-- Recorded information follows --

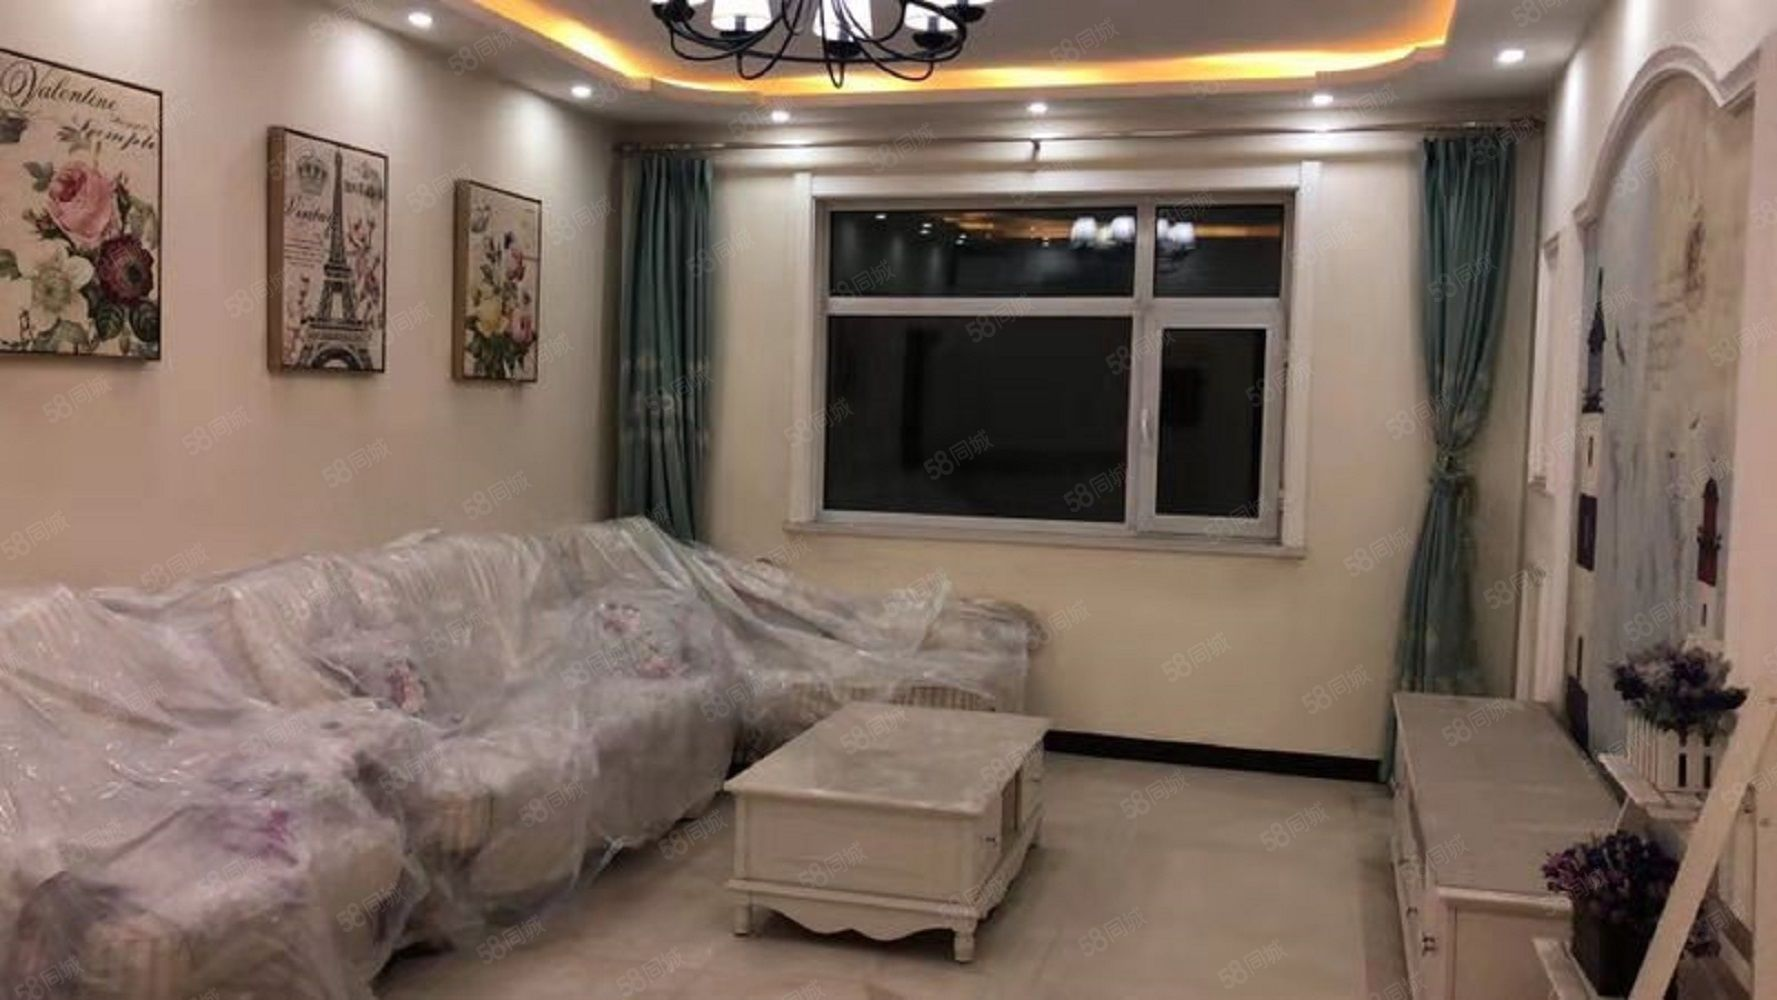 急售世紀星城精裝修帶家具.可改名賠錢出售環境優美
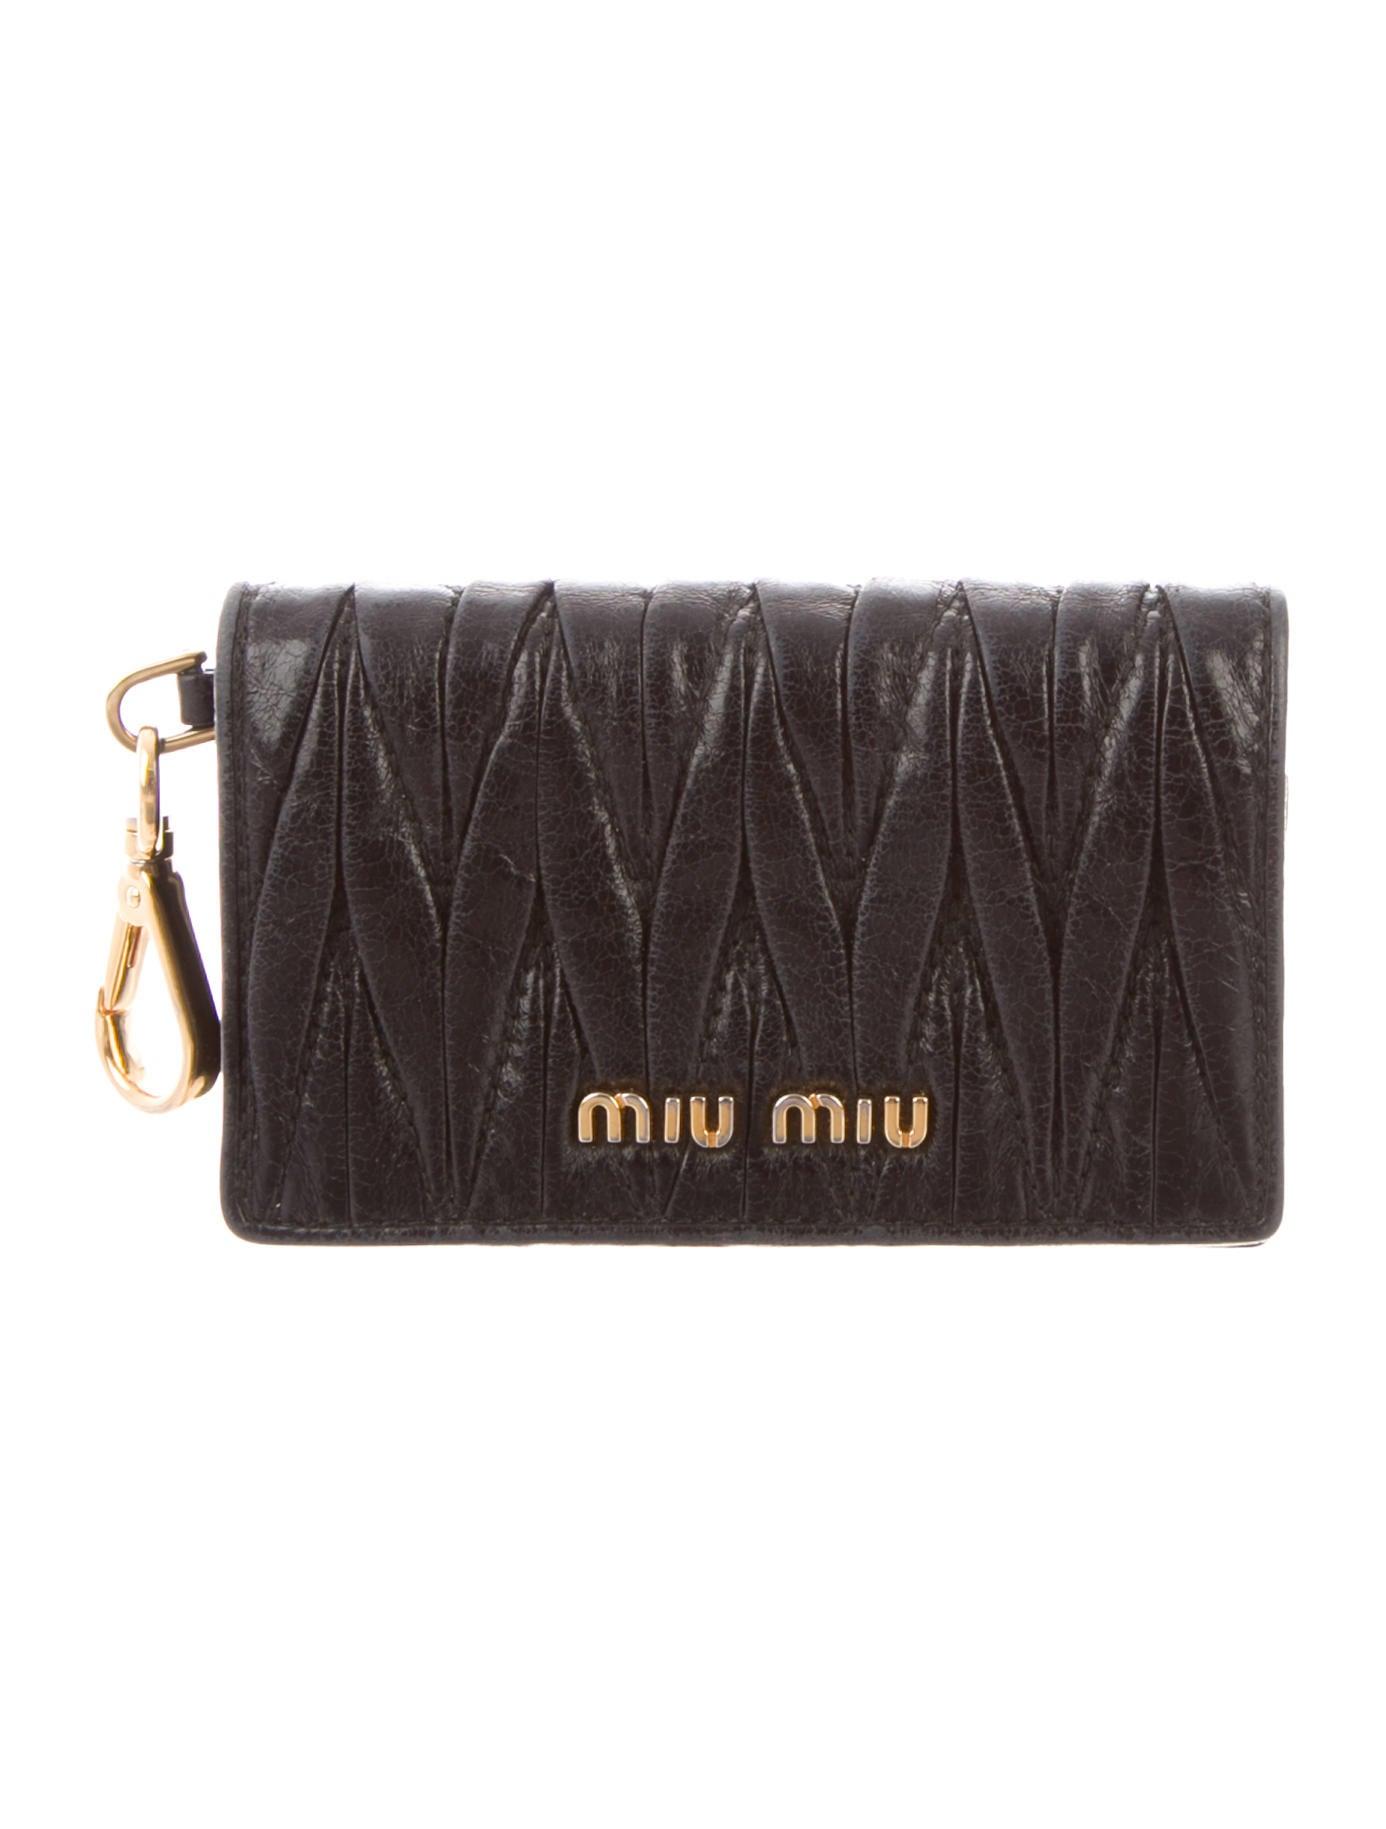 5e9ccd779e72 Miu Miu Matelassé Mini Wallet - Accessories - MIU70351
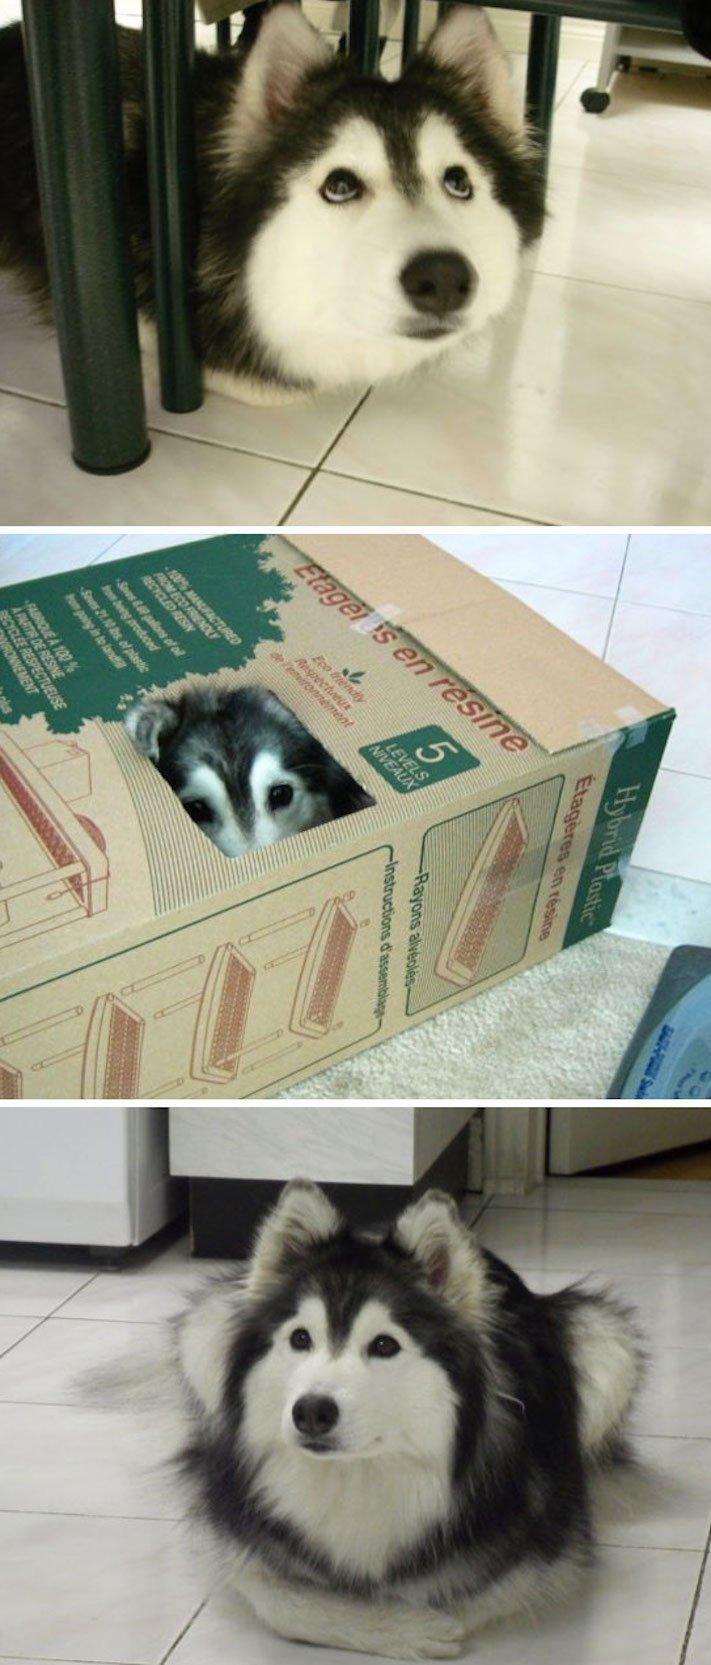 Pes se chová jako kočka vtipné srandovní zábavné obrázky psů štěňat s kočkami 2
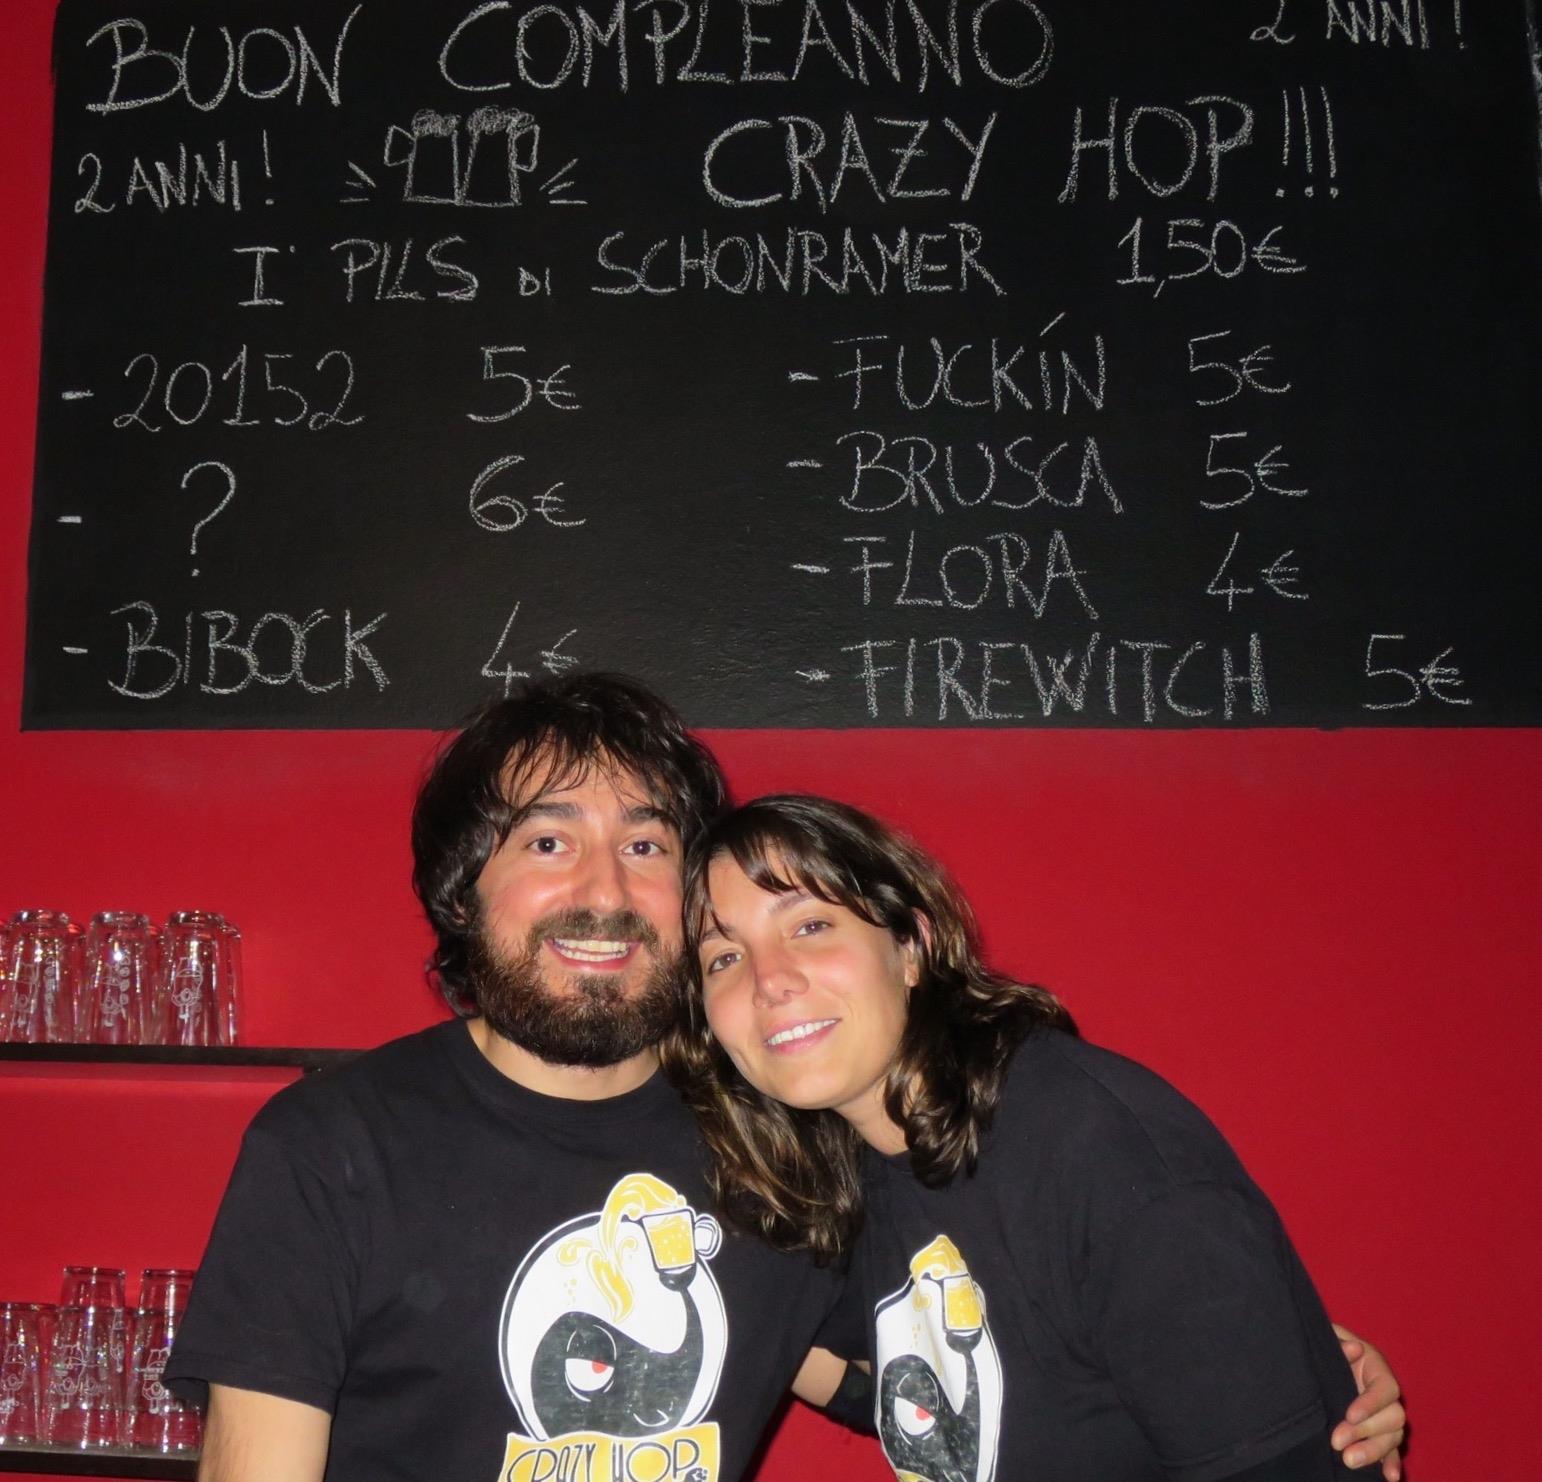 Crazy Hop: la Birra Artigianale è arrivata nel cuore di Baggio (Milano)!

-- Recorded information concluded --

Work task
The expected output is the run of lines from the one containing "Pes se chová" to the last line of the listing above, both included, word for word and free of pictures.

Written answer
 Pes se chová jako kočka vtipné srandovní zábavné obrázky psů štěňat s kočkami 2
 Crazy Hop: la Birra Artigianale è arrivata nel cuore di Baggio (Milano)!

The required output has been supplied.